Le recours à la caméra cachée est toutefois de plus en plus toléré dans les reportages des journaux télévisés français, tout en restant limité à quelques cas exceptionnels : lorsque les journalistes ne peuvent pas faire autrement ou lorsque leur sécurité est menacée par un tournage en caméra visible. Ils doivent cependant clairement l'expliquer aux téléspectateurs. Dans le cas présent, il s'agissait pour les journalistes de France 2 de contourner la censure des autorités chinoises. Le gouvernement chinois empêche en effet l'accès des médias à Guiyu : il veut éviter la diffusion d'images sur cette décharge de déchets électriques et électroniques. Un an après la diffusion du sujet de France 2, en novembre 2008, les autorités chinoises ont du reste essayé de saisir les enregistrements de l'équipe du magazine d'information américain 60 Minutes, produit par CBS, qui tournait un reportage à Guiyu. Contrôlant très étroitement l'information au sein du pays, la Chine se montre soucieuse de son image à l'étranger. Elle a par exemple tout fait lors des Jeux Olympiques de Pékin en 2008 et de l'Exposition universelle de Shanghaï en 2010 pour offrir son meilleur visage aux médias internationaux. Aussi, de la même manière que le gouvernement chinois empêche l'accès aux médias internationaux au Tibet, il interdit leur entrée dans Guiyu.

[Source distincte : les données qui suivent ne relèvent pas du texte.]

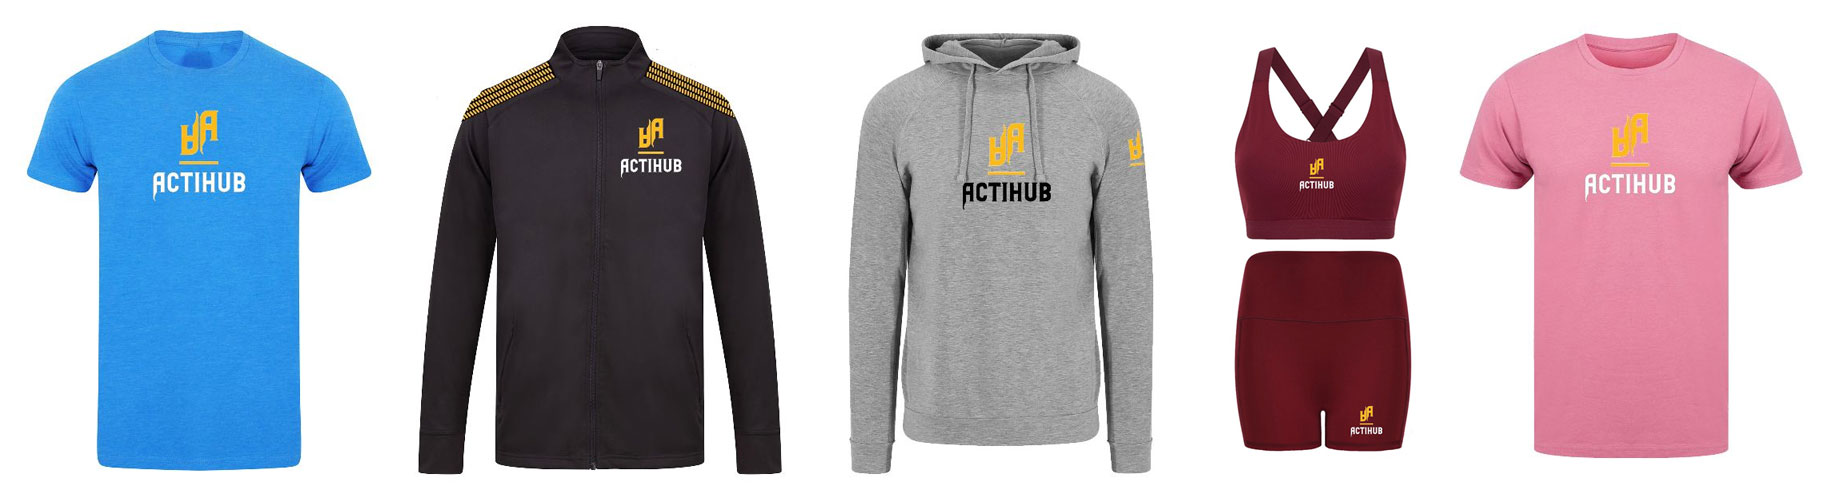 Range of Actihub clothing

Le présentateur du journal télévisé Davis Pujadas et le journaliste Pascal Golomer justifient donc de manière explicite pour les téléspectateurs le recours à la caméra cachée : l'un évoque des « autorités qui ferment les portes », tandis que l'autre explique que « les journalistes étrangers ne sont pas les bienvenus ». Ils se conforment en cela aux règles de déontologie journalistique. Leur but est clairement de montrer au public une ville qui vit du recyclage des déchets informatiques au mépris de la santé des ouvriers et des conséquences sur l'environnement. Ils offrent ainsi des images saisissantes de montagnes de carcasses d'ordinateurs, d'ouvriers au travail sans aucune protection ou de résidus entassés au bord et dans la rivière. S'ils filment en caméra cachée, les envoyés spéciaux de France 2 taisent également leur qualité de journalistes aux personnes rencontrées : ils se font passer pour des vendeurs de vieux ordinateurs. Là aussi, ils l'expliquent clairement aux téléspectateurs. Ce reportage réalisé à l'insu des autorités chinoises n'est du reste pas sans risque pour eux qui sont établis en permanence dans le bureau de la rédaction de France 2 à Pékin.

Le sujet ne se constitue cependant pas seulement d'images filmées en caméra cachée. Plusieurs plans ont été tournés en caméra visible : il s'agit des images du port de Hong Kong et de l'interview d'une responsable de Greenpeace Chine. Le plateau en situation de Pascal Golomer qui clôt le reportage a également été filmé en caméra visible, à Guiyu, car le journaliste ne se trouvait plus alors sur les lieux mêmes de la décharge.